The task
Output exactly the lines below, starting with the line that has "Proyectos de casas" and going on through the line that has "los pasteles fondant", both included, and no other lines.

Excerpted data

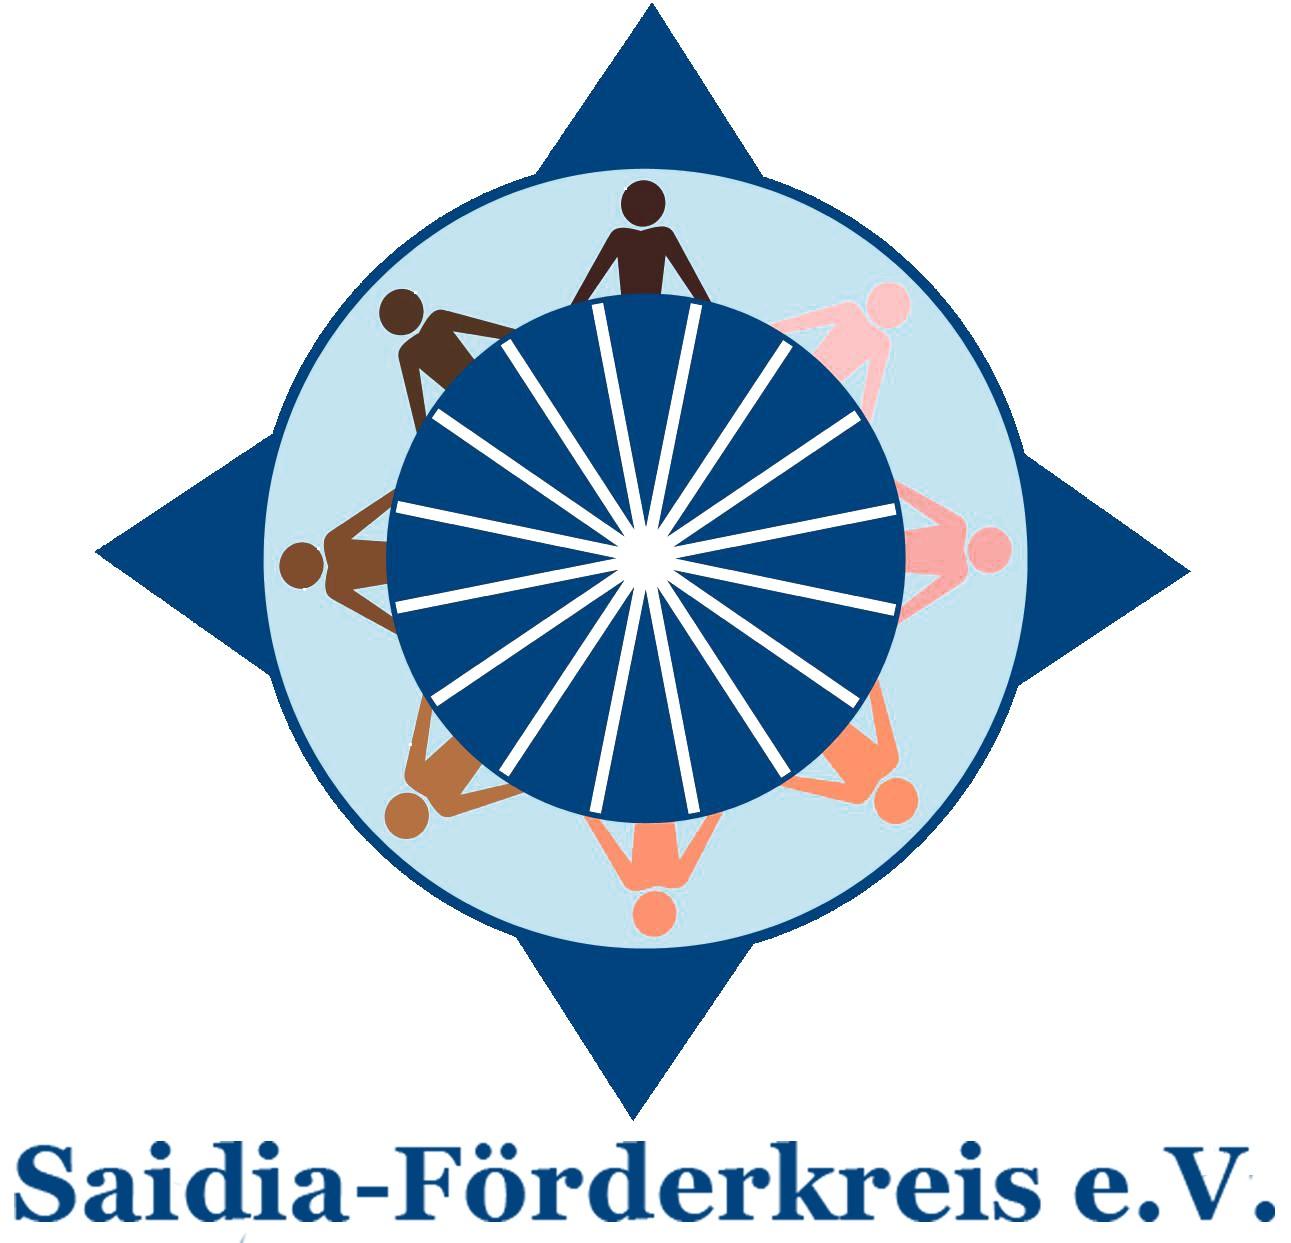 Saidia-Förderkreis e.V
---
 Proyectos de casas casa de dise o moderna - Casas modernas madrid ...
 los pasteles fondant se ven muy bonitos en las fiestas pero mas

Solution for this problem
 Proyectos de casas casa de dise o moderna - Casas modernas madrid ...
 los pasteles fondant se ven muy bonitos en las fiestas pero mas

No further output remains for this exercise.